Foto Ploegkaart Lotus
Verjaardagskalender 12 februari: Luc Suykerbuyk (1964)
Als een zwerm bijen rond een kleurrijke bloem, behendig langs elkaar heen laverend terwijl een zacht voorjaarsbriesje haar best doet de tengere vleugels en lijfjes uit balans te brengen, zo verdringt een groepje journalisten zich op een aangename lenteavond in Noord-Brabant rond een, in een minstens net zo fleurig tricot gehulde, renner. Het shirt van Lotus-Zahor dat hij draagt, zou perfect passen in een reclame voor Robijn. De spots van de wasmiddelfabrikant, met couturier Frank Govers in de hoofdrol (‘Mooie blouse! Nieuw?’ ‘Nee, Robijn!’), zijn aan het einde van de jaren ‘80 niet van het Nederlandse televisiescherm te branden. Dat is met het shirt van Lotus-Zahor wel anders. De bescheiden Spaanse ploeg vertoont zich nauwelijks buiten de eigen landsgrenzen en de keren dat er een renner in het bloemig rood-geel-blauw-wit in Nederland aan de start staat, zijn al helemaal uniek. Luc Suykerbuyk, de enige ‘van Dietschen bloed’ in dienst van Lotus-Zahor, reist meestal slechts voor het NK af naar zijn vaderland. Het liefste koerst hij in Spanje. Dat hij op een lenteavond in Bavel aan het vertrek staat van het plaatselijke criterium, heeft een reden. Een maand eerder heeft Suykerbuyk in de Vuelta voor een daverende verrassing gezorgd. Niet alleen wint hij een etappe, hij eindigt de ronde op een knappe tiende plek. De prestaties doen zijn startgeld in de criteriums groeien alsof er een pot Pokon over een bloembak is uitgestort.
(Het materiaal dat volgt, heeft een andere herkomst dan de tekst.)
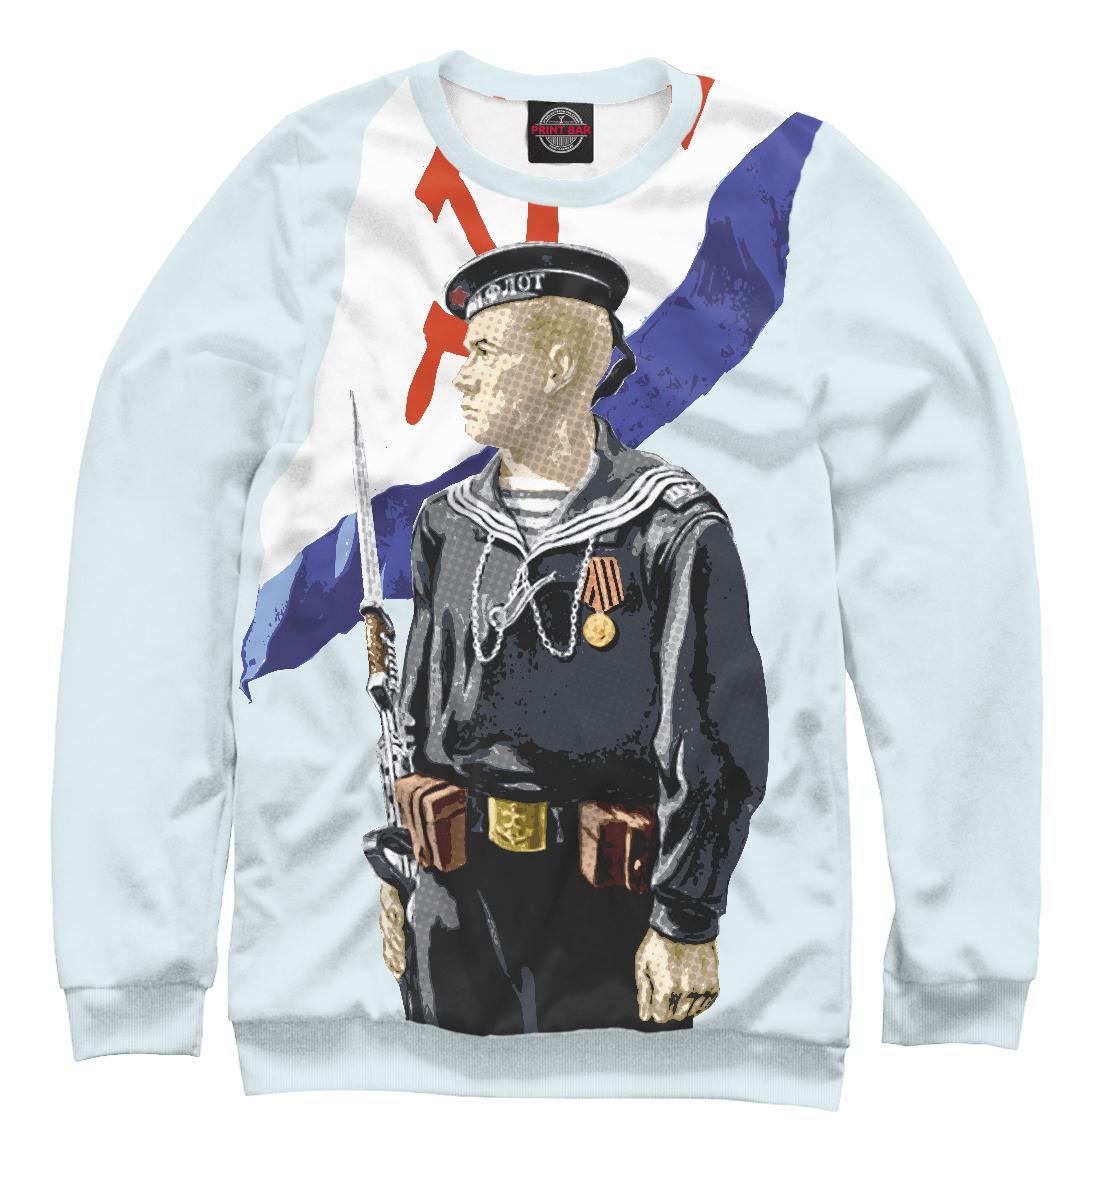 Купить ВМФ - Рулит!, Printbar, Свитшоты, VMF-377186-swi-2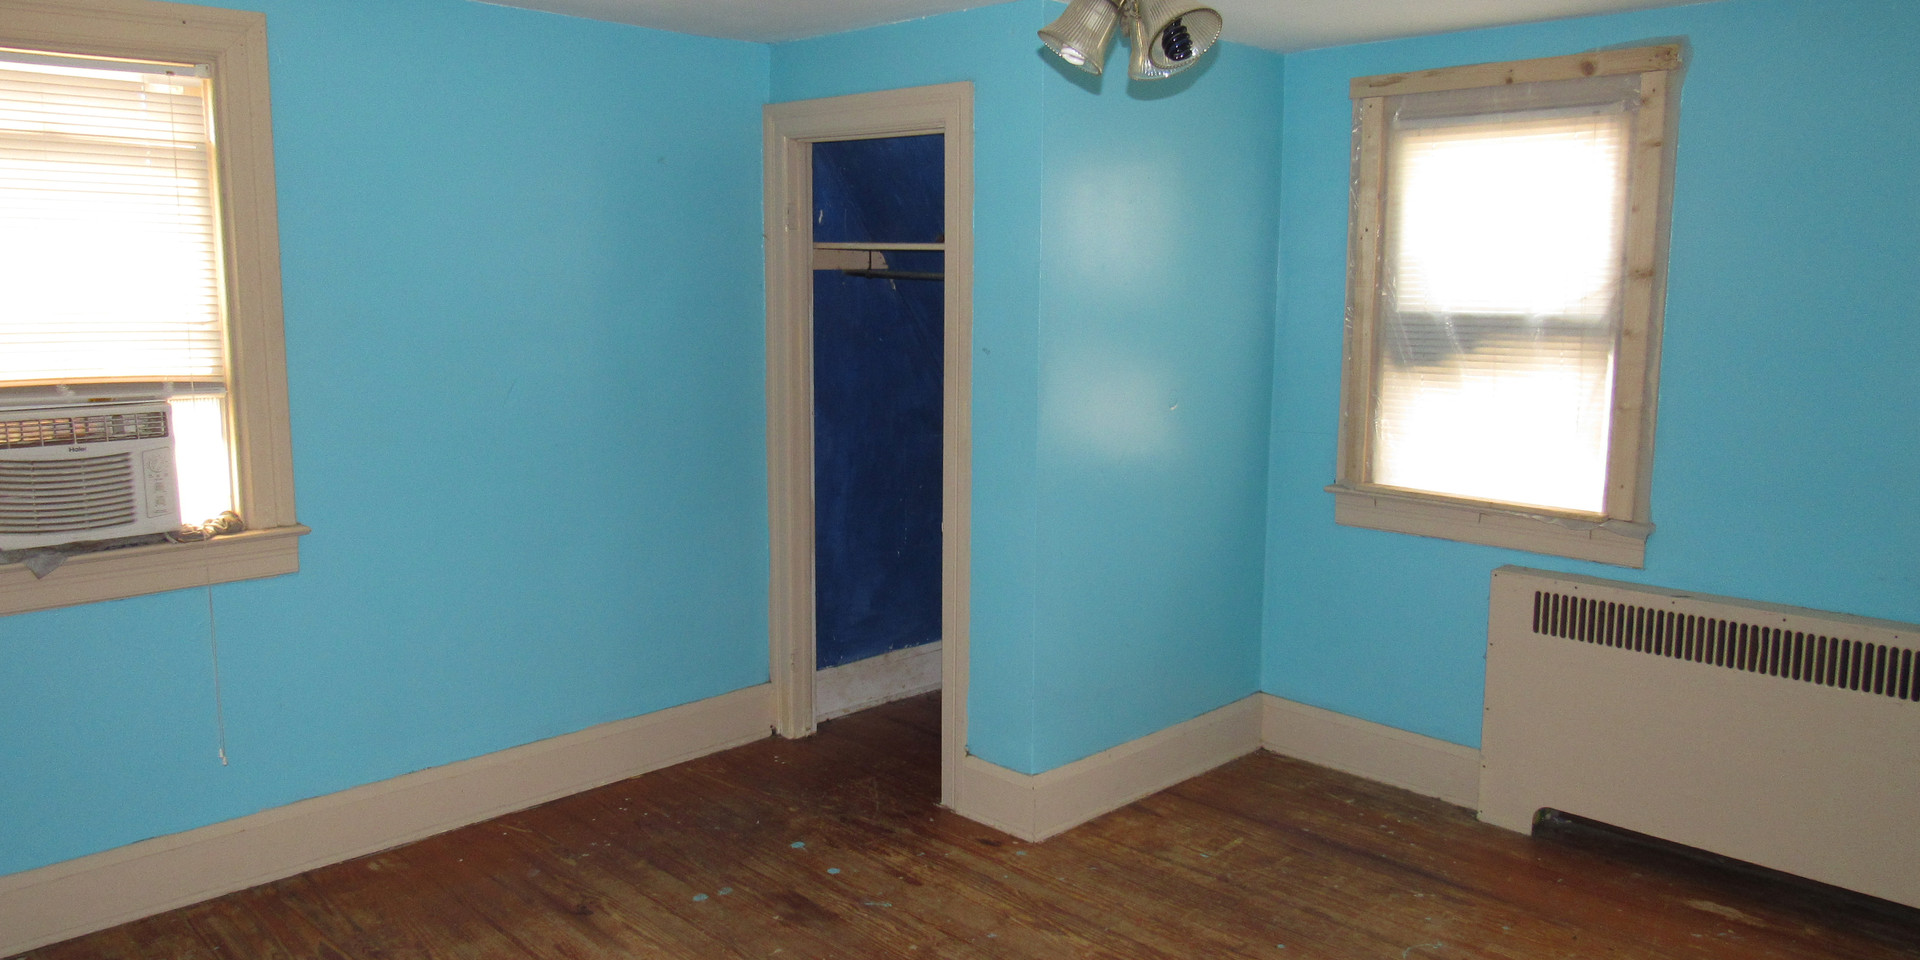 26 - Bedroom 2.JPG

![](https://mlermmvk3oie.i.optimole.com/w:485/h:753/q:mauto/ig:avif/https://hetiskoers.nl/wp-content/uploads/gravity_forms/1-03e04c279241f9c67158b50a13fc260f/2025/02/luc_suykerbuyk_1989.jpg)
22 dagen eerder draaide de geboren Brabander de wielerbaan van Ávila op. Een fractie van een seconde flitste het beeld van een schotelantenne door zijn hoofd. Toen hij zijn ouders trots had horen vertellen over hun nieuwste aankoop, had de 25-jarige renner zich bezwaard gevoeld. De familie Suykerbuyk wilde vanuit hun boerderij in Nispen de verrichtingen van Luc in de Vuelta zo goed mogelijk volgen. De ronde is eind jaren ’80 buiten Spanje amper op televisie te zien, maar thuis hadden ze zo’n voorgevoel dat Luc wel eens iets speciaals zou kunnen uithalen, een slordige tweeduizend kilometer ten zuiden van Nispen. Vandaar dat er in allerijl een bezoekje aan een elektronicazaak was gebracht. De stoute verwachtingen worden al in de eerste Vuelta-week waarheid. In de zesde etappe trekt Suykerbuyk ten strijde, in het gezelschap van vijf anderen. In de afzink van de ruim 1900 meter hoge Peña Negra schudt hij drie van hen af, de andere twee verschalkt hij op de wielerbaan van Ávila. In Nispen klinkt een uitbundige vreugdekreet uit een, met een schotelantenne op het dak uitgeruste, woning. Het eerste doel is behaald, op naar het tweede. Het begin is er, want ritwinnaar Suykerbuyk rukt op naar de achtste plek in het algemeen klassement. Ondanks dat fraaie uitgangspunt zakt hij een week later, in de bergrit naar de Alto del Ampriu, enigszins door het ijs. Met zijn 1 meter 89 lange lijf is Suykerbuyk niet bij machte de compacte Spaanse en Colombiaanse klimmers, die als springveren de steile cols op schieten, te volgen. De Brabander zakt in het rangschikking, maar krijgt, mede door een goede tijdrit, weer zicht op de top 10 als de ontknoping nadert. De strijd om het amarillo gaat dan tussen Pedro Delgado en Fabio Parra. Enkele andere renners spelen echter een curieuze sleutelrol. Onder wie Luc Suykerbuyk.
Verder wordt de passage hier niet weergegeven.